A comprehensive analysis of sewage collected from 74 cities in 60 countries has revealed that Pakistan has high antimicrobial resistance (AMR) in healthy population.

It was for the first time that genetic material in raw sewage samples were assessed to check AMR levels. Titled ‘Global monitoring of antimicrobial resistance based on metagenomics analyses of urban sewage’, the research yielded the first comparable global data on AMR in healthy population.

Scientists categorised participating countries in two groups; North America, Western Europe, Australia and New Zealand, which generally have the lowest AMR levels whereas Asia, Africa and South America have the highest levels.

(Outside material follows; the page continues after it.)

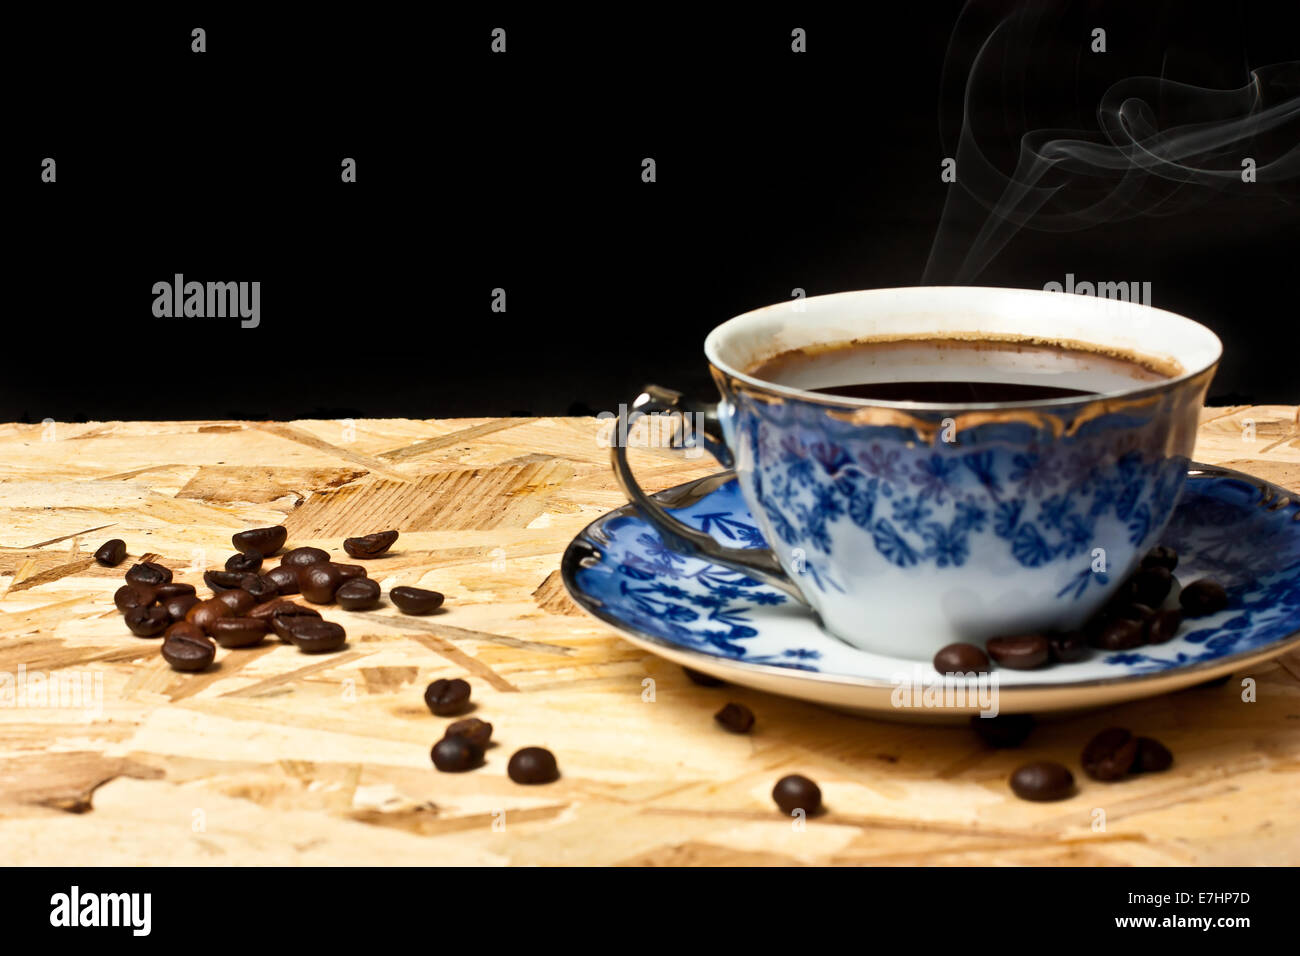 Une tasse de café et des haricots sur une table en bois avec fond noir Banque D'Images

According to findings, the Netherlands, New Zealand and Sweden have the lowest levels of resistance, whereas Tanzania, Vietnam and Nigeria have the highest levels.

Other countries with highest estimated AMR levels include Pakistan, Afghanistan and Bangladesh in South Asia, and Kenya and Uganda in East Africa.

The research is led by the National Food Institute at the Technical University of Denmark and conducted by an international team of scientists including Drs Rumina Hasan and Sadia Shakoor from the department of pathology and laboratory medicine at the Aga Khan University (AKU).

The research paper is published in the Nature Commu­nications journal.